Accordingly, power from the processor device is supplied to the
electronic endoscope on the basis of electromagnetic induction
without any connection wires. Then, the radio transmission and
reception circuits convert a video signal and a control signal into
a radio frequency based on a predetermined radio communication
method. This radio frequency (electric wave) is transmitted or
received by wire via the transmission line. This radio
communication method may be any of those for various frequency
bands, but Bluetooth, IEEE801. 11 (a, b), or the like may also be
used.
[0014] With such an arrangement, the electronic endoscope and the
external device can be electrically connected together (signal
lines and power lines) using, for example, one coaxial cable. This
makes the apparatus more reliable in terms of electric connections
and favorably eliminates the disadvantages of the conventional
multi-pin structure.
BRIEF DESCRIPTION OF THE DRAWINGS
[0015] FIG. 1 is a circuit block diagram showing the configuration
of an electronic endoscope apparatus according to an embodiment of
the present invention;
[0016] FIG. 2 is a diagram showing a specific connection
arrangement for devices in the electronic endoscope apparatus
according to this embodiment;
[0017] FIGS. 3A and 3B are diagrams showing how the electronic
endoscope apparatus according to this embodiment is compatible with
a conventional scope; and
[0018] FIG. 4 is a diagram showing a processor device in a
conventional electronic endoscope apparatus and a scope-side cable
connector section.
DETAILED DESCRIPTION OF THE PREFERRED EMBODIMENTS
[0019] FIGS. 1 and 2 show the configuration of an electronic
endoscope apparatus according to an embodiment. As shown in FIG. 2,
the electronic endoscope apparatus is composed of a scope
(electronic endoscope) 10, a light source device 11, a processor
device 12, and the like. The scope 10 has a leading end portion
10A, an operation section 10B, a light source-side connector
(section) 10C, and a processor-side connector 10D. The light
source-side connector 10C is connected to the light source device
11. The processor-side connector 10D is connected to the processor
device 12. A connection portion of a light guide 15 of the light
source-side connector 10C is connected to the light source device
11 via an insulating member in order to maintain isolation. The
light source device 11 is provided with a light source lamp 14.

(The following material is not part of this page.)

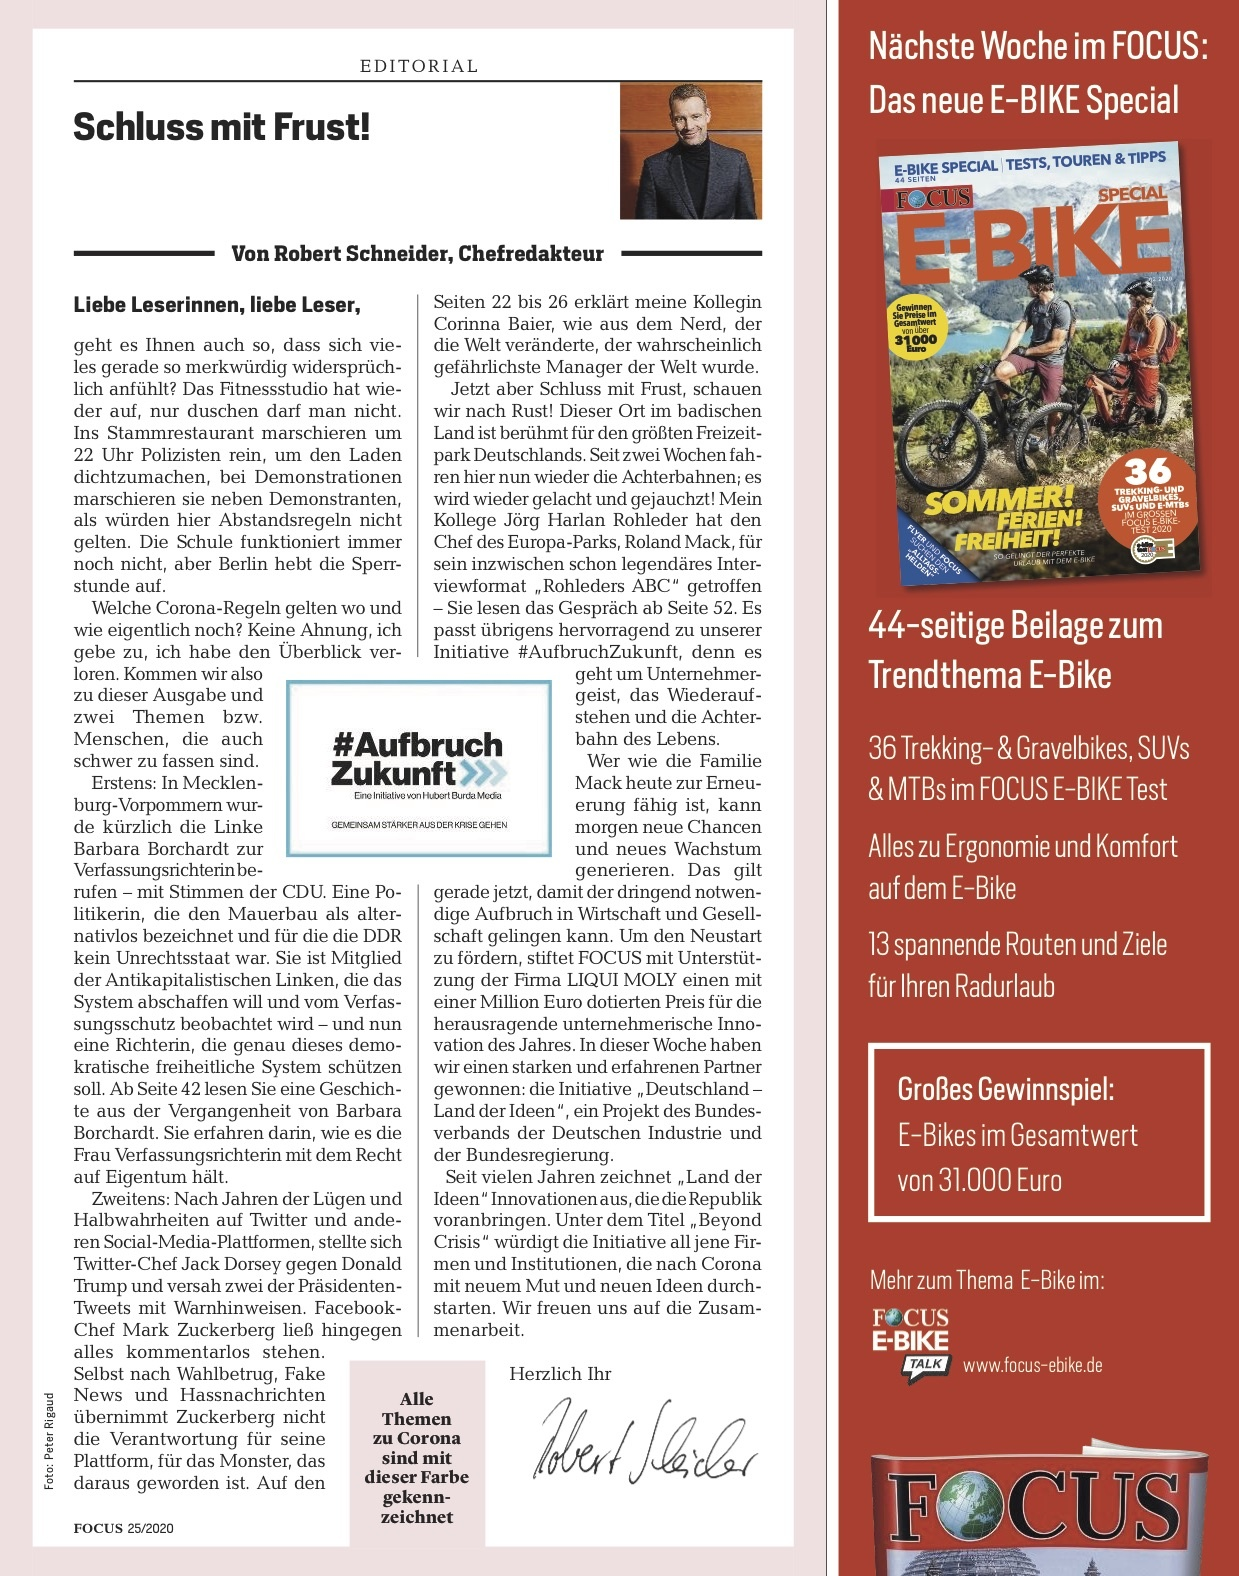 FOCUS Magazin FOCUS Magazin - Chinas Gier

Light from the lamp 14 is guided to the scope leading end portion
10A via the light guide 15. An object is thus irradiated with the
light. The scope leading end portion 10A is provided with a CCD 16
that is a solid image pickup element. The CCD 16 picks up an image
of the object on the basis of irradiations with light from the
light guide 15.
[0020] In FIG. 1, the scope 10 is provided with a timing generator
18 that generates and outputs various timing signals including
driving signals for the CCD 16, a microcomputer 19 that controls
various circuits in the scope 10, a correlation double
sampling/automatic gain control (CDS/AGC) circuit 20 that carries
out correlation double sampling and automatic gain control, a modem
21 that carries out modulations and demodulations required to
convert (or inversely convert) a video signal and a control signal
obtained by the CCD 16 into a radio frequency (band) based on a
radio communication method, and a transmission and reception
section (T/R) 22 that executes a conversion (up conversion) and an
inverse conversion (down conversion) between a modulation frequency
and a radio frequency obtained by the modem 21. The modem 21 and
the transmission and reception section 22 constitute a transmission
and reception circuit.
[0021] The radio communication method may be any of those for
various frequency bands from 30 MHz to 300 GHz, including short
waves, microwaves, and millimeter waves. In recent years, much
attention has been paid to Bluetooth, IEEE801. 11 (a, b), and the
like utilizing a 2.45 GHz band. These radio communication methods
may be used for the present invention.
[0022] Furthermore, the scope 10 is provided with a secondary coil
24b constituting electromagnetic coupling means and a power supply
circuit 25. The secondary coil 24b is arranged on a surface of the
light source-side connector 10C which is closer to the light source
device 11, for example, as shown in FIG. 2. On the other hand, a
surface of the light source device 11 to which the connector 10C is
opposite is provided with a primary coil 24a electromagnetically
coupled to the secondary coil 24b. The primary coil 24a and the
secondary coil 24b constitute electromagnetic coupling means for
supplying power on the basis of electromagnetic induction.
Furthermore, as shown in FIG. 1, the primary coil 24a is connected
to a power supply circuit 30 via a power supply (PS) control
section 29. The power supply circuit 30 is connected to a
commercial power source using a plug socket 31.
[0023] The scope 10 and the processor device 12 are connected
together by one coaxial cable 33. Specifically, the light
source-side connector 10C contains a circuit box 34 which has an
electric shield around it and in which a part of the circuit in the
above described scope 10 is arranged. The one coaxial cable 33
drawn out of the circuit box 34 is connected to the processor
device 12 by a processor-side connector 10D.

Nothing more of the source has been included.